TFX supports multiple orchestrators to run pipelines. In this tutorial we will use LocalDagRunner which is included in the TFX Python package and runs pipelines on local environment. We often call TFX pipelines "DAGs" which stands for directed acyclic graph.

LocalDagRunner provides fast iterations for development and debugging. TFX also supports other orchestrators including Kubeflow Pipelines and Apache Airflow which are suitable for production use cases. See [TFX on Cloud AI Platform Pipelines](/tutorials/tfx/cloud-ai-platform-pipelines) or [TFX Airflow](/tutorials/tfx/airflow_workshop) Tutorial to learn more about other orchestration systems.

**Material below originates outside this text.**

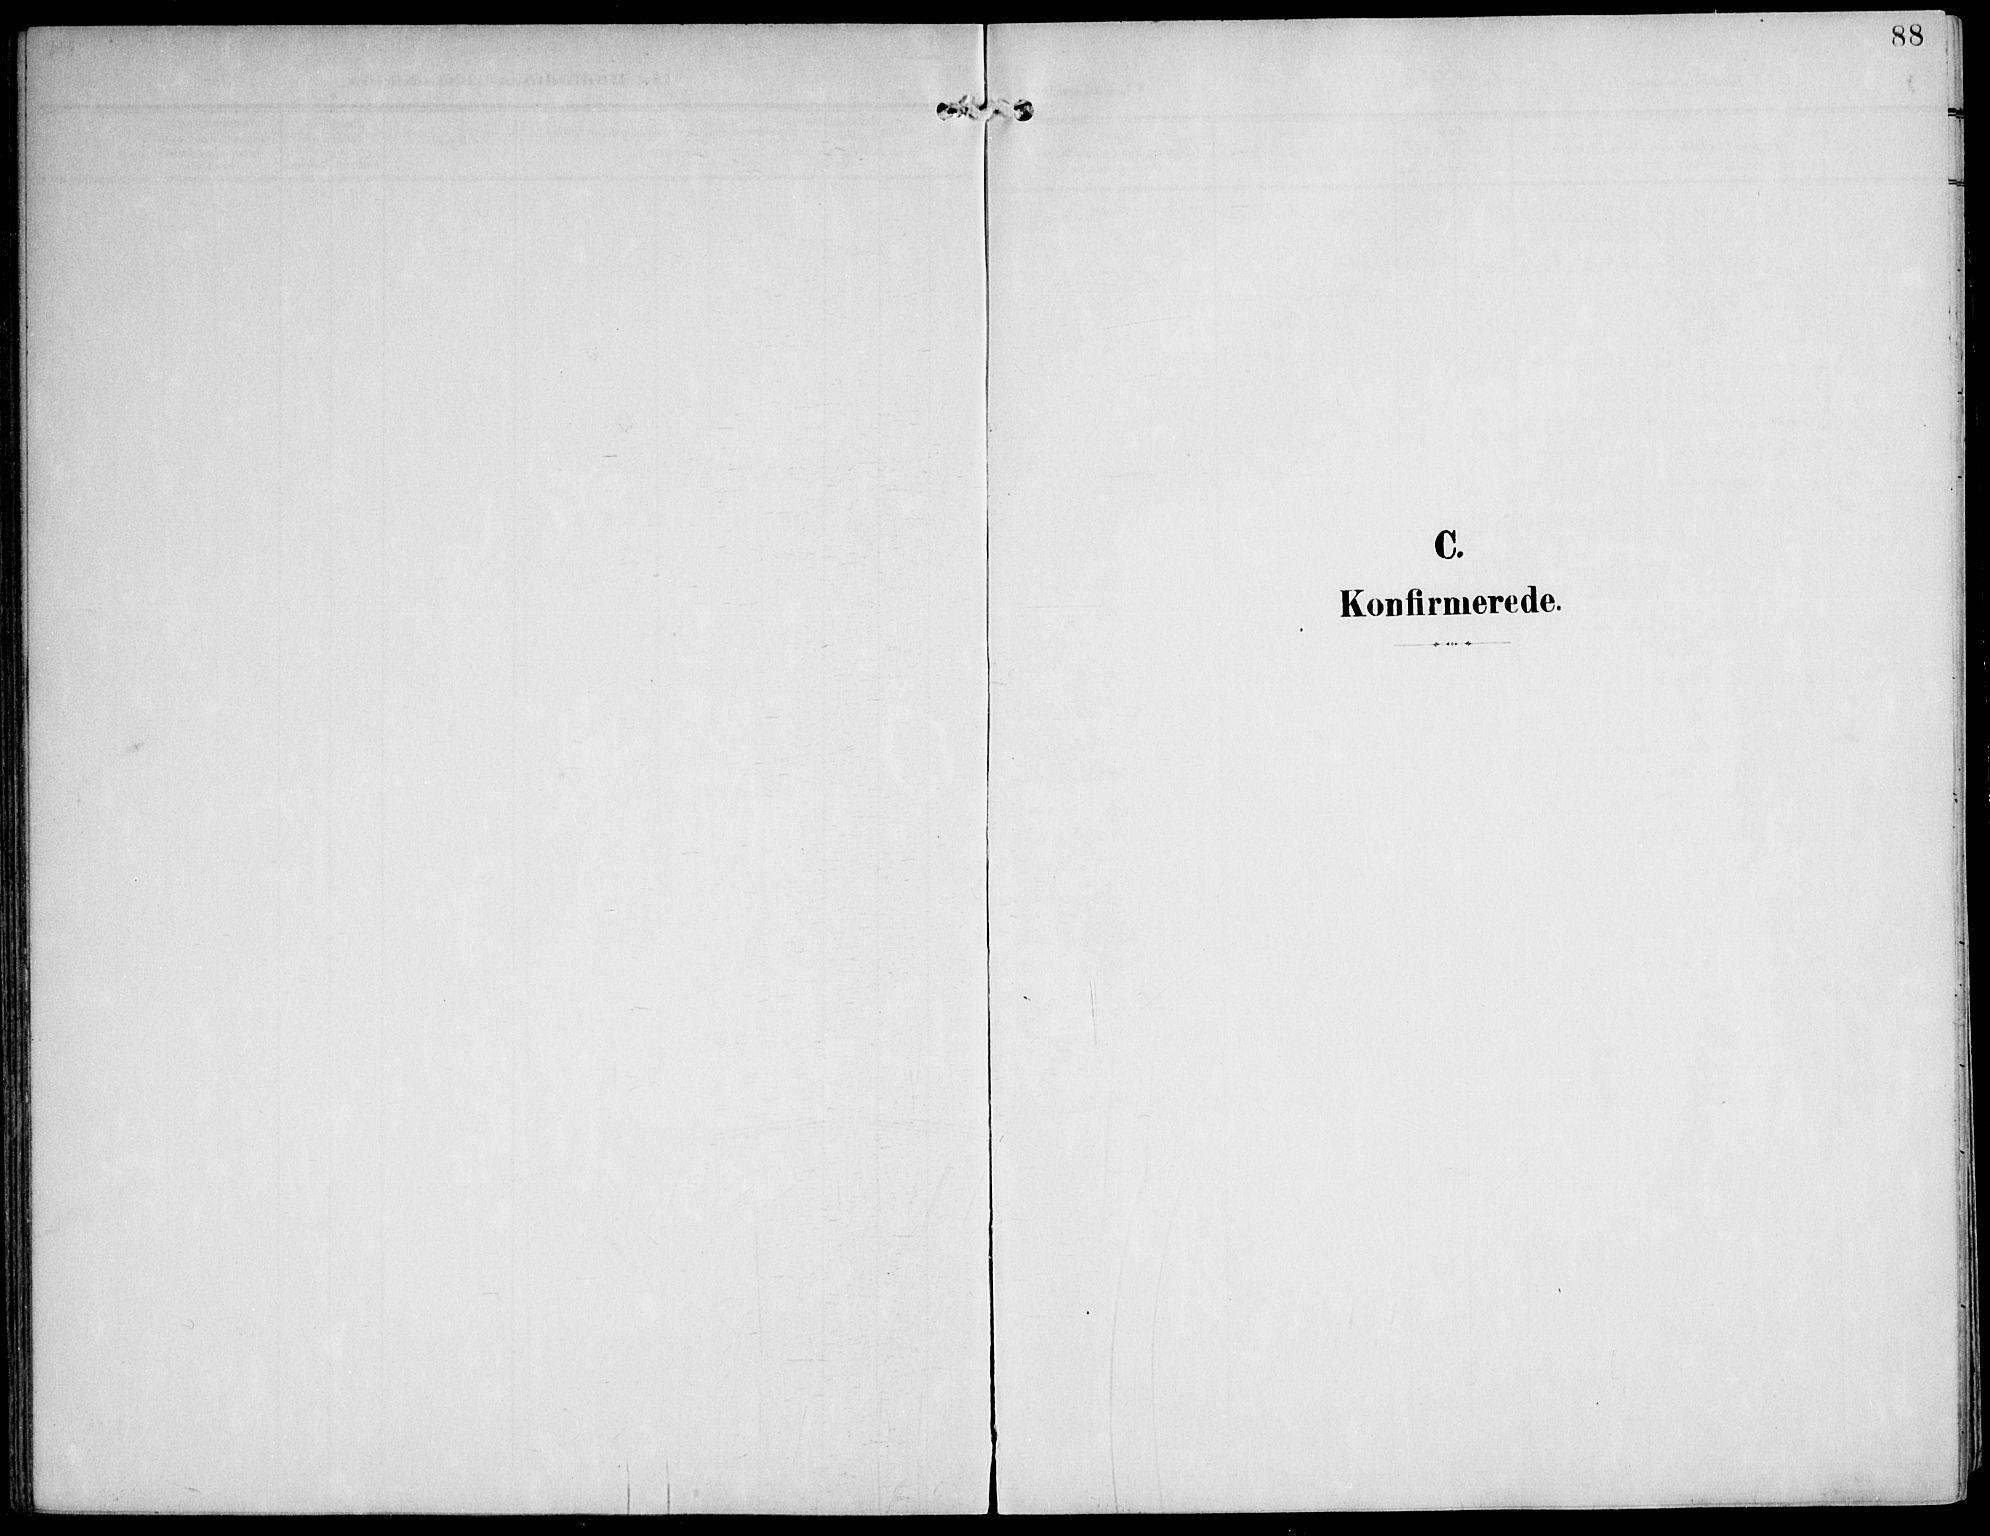 SAT, Ministerialprotokoller, klokkerbøker og fødselsregistre - Nord-Trøndelag, 788/L0698: Ministerialbok nr. 788A05, 1902-1921, s. 88
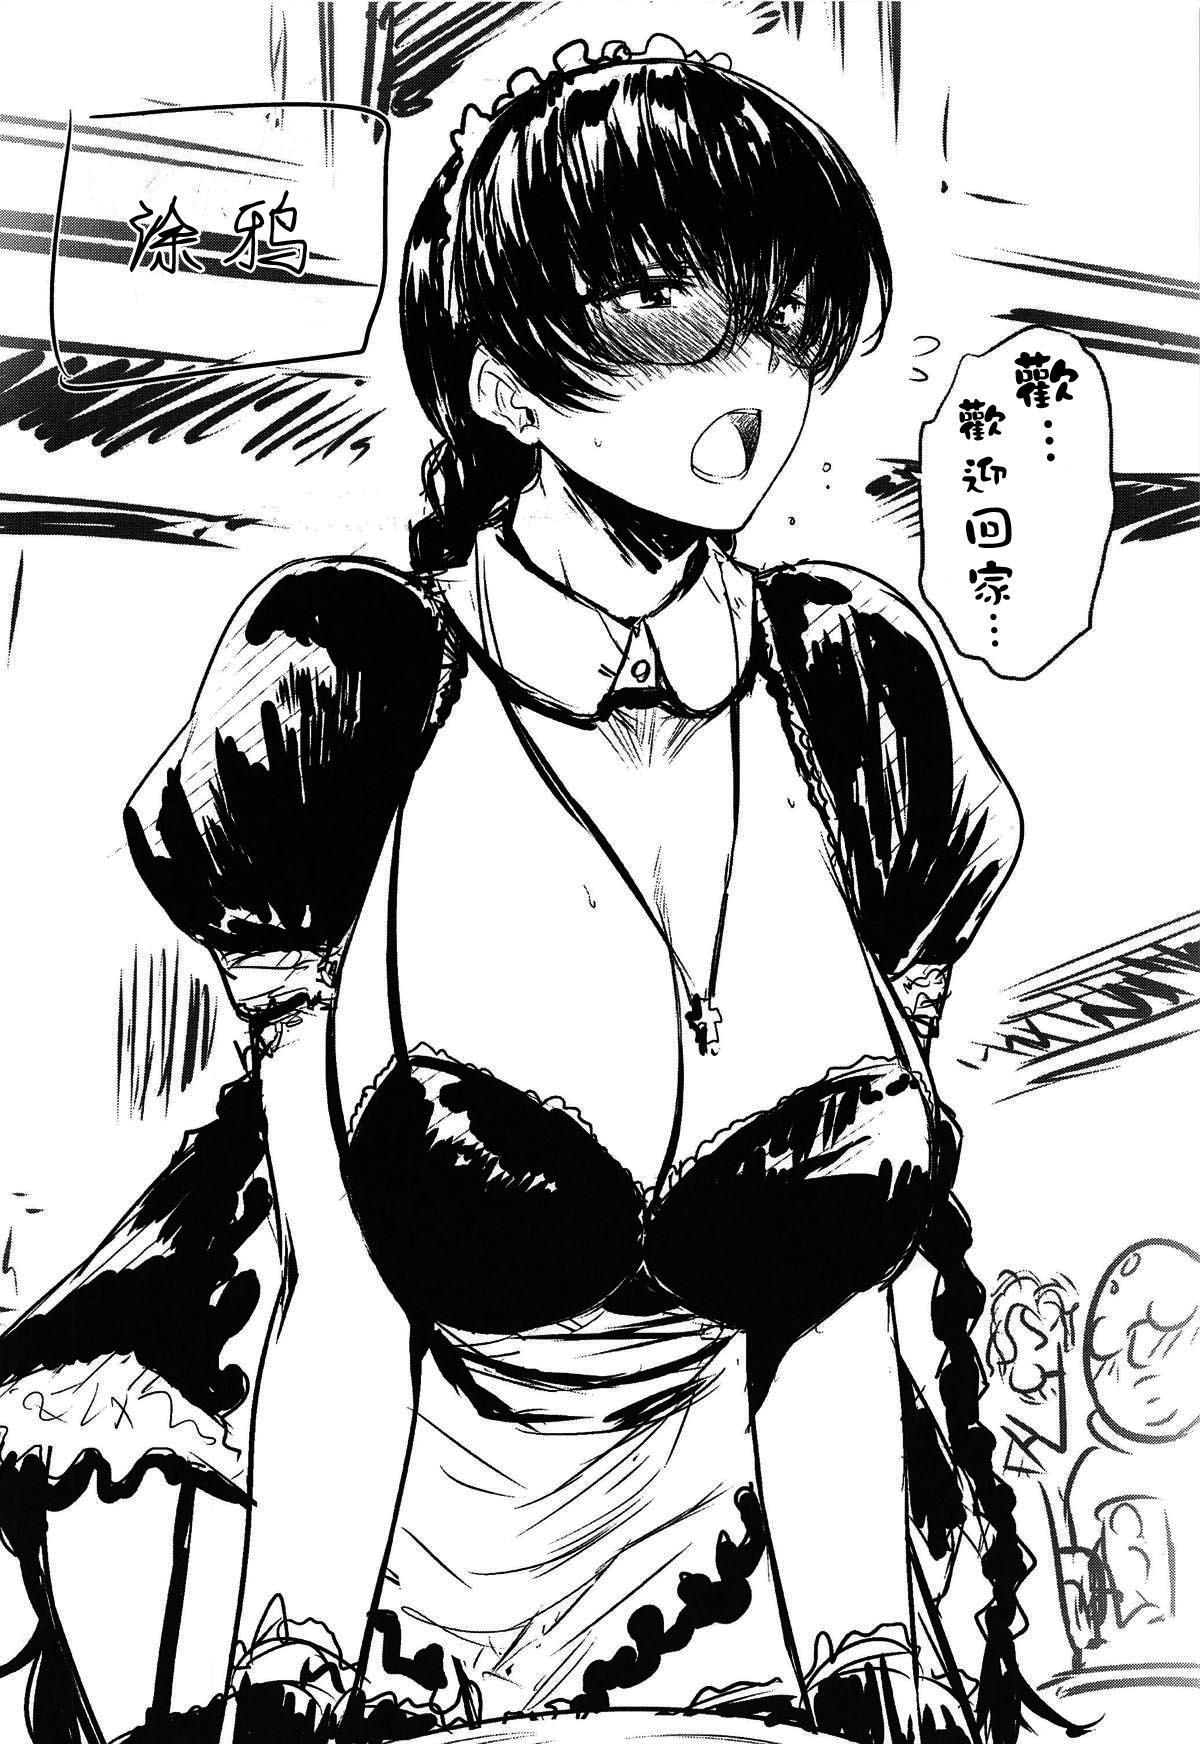 Maid no Tsutome 22

Now we create a LocalDagRunner and pass a Pipeline object created from the function we already defined. The pipeline runs directly and you can see logs for the progress of the pipeline including ML model training.

In [None]:
import urllib.request
import tempfile
import os

PIPELINE_NAME = "tfx-llm-imdb-reviews"
model_fn = "modules.model.run_fn"
_transform_module_file = "modules/_transform_module.py"

# Output directory to store artifacts generated from the pipeline.
PIPELINE_ROOT = os.path.join('pipelines', PIPELINE_NAME)
# Path to a SQLite DB file to use as an MLMD storage.
METADATA_PATH = os.path.join('metadata', PIPELINE_NAME, 'metadata.db')
# Output directory where created models from the pipeline will be exported.
SERVING_MODEL_DIR = os.path.join('serving_model', PIPELINE_NAME)

from absl import logging
logging.set_verbosity(logging.INFO)  # Set default logging level.

In [None]:
def _create_pipeline(
    pipeline_name: str,
    pipeline_root: str,
    model_fn: str,
    serving_model_dir: str,
    metadata_path: str,
) -> tfx.dsl.Pipeline:
  """Creates a Pipeline for Fine-Tuning and Converting an Large Language Model with TFX."""

  example_gen = FileBasedExampleGen(
    input_base='dummy',
    custom_config={'dataset':'imdb_reviews', 'split':'train[:5%]'},
    custom_executor_spec=executor_spec.BeamExecutorSpec(TFDSExecutor))

  statistics_gen = tfx.components.StatisticsGen(
      examples=example_gen.outputs['examples'], exclude_splits=['eval']
  )

  schema_gen = tfx.components.SchemaGen(
      statistics=statistics_gen.outputs['statistics'],
      infer_feature_shape=False,
      exclude_splits=['eval'],
  )

  example_validator = tfx.components.ExampleValidator(
      statistics=statistics_gen.outputs['statistics'],
      schema=schema_gen.outputs['schema'],
      exclude_splits=['eval'],
  )

  preprocessor = tfx.components.Transform(
    examples=example_gen.outputs['examples'],
    schema=schema_gen.outputs['schema'],
    module_file= _transform_module_file,
  )

  trainer = tfx.components.Trainer(
      run_fn=model_fn,
      examples=preprocessor.outputs['transformed_examples'],
      train_args=tfx.proto.TrainArgs(splits=['train']),
      eval_args=tfx.proto.EvalArgs(splits=['train']),
      schema=schema_gen.outputs['schema'],
  )


  evaluator = Evaluator(
      examples=preprocessor.outputs['transformed_examples'],
      trained_model=trainer.outputs['model'],
      max_length=50,
  )

  # Following 7 components will be included in the pipeline.
  components = [
      example_gen,
      statistics_gen,
      schema_gen,
      example_validator,
      preprocessor,
      trainer,
      evaluator,
  ]

  return tfx.dsl.Pipeline(
      pipeline_name=pipeline_name,
      pipeline_root=pipeline_root,
      metadata_connection_config=tfx.orchestration.metadata.sqlite_metadata_connection_config(
          metadata_path
      ),
      components=components,
  )

In [None]:
tfx.orchestration.LocalDagRunner().run(
    _create_pipeline(
        pipeline_name=PIPELINE_NAME,
        pipeline_root=PIPELINE_ROOT,
        model_fn=model_fn,
        serving_model_dir=SERVING_MODEL_DIR,
        metadata_path=METADATA_PATH,
    )
)

You should see INFO:absl:Component Evaluator is finished." at the end of the logs if the pipeline finished successfully because evaluator component is the last component of the pipeline.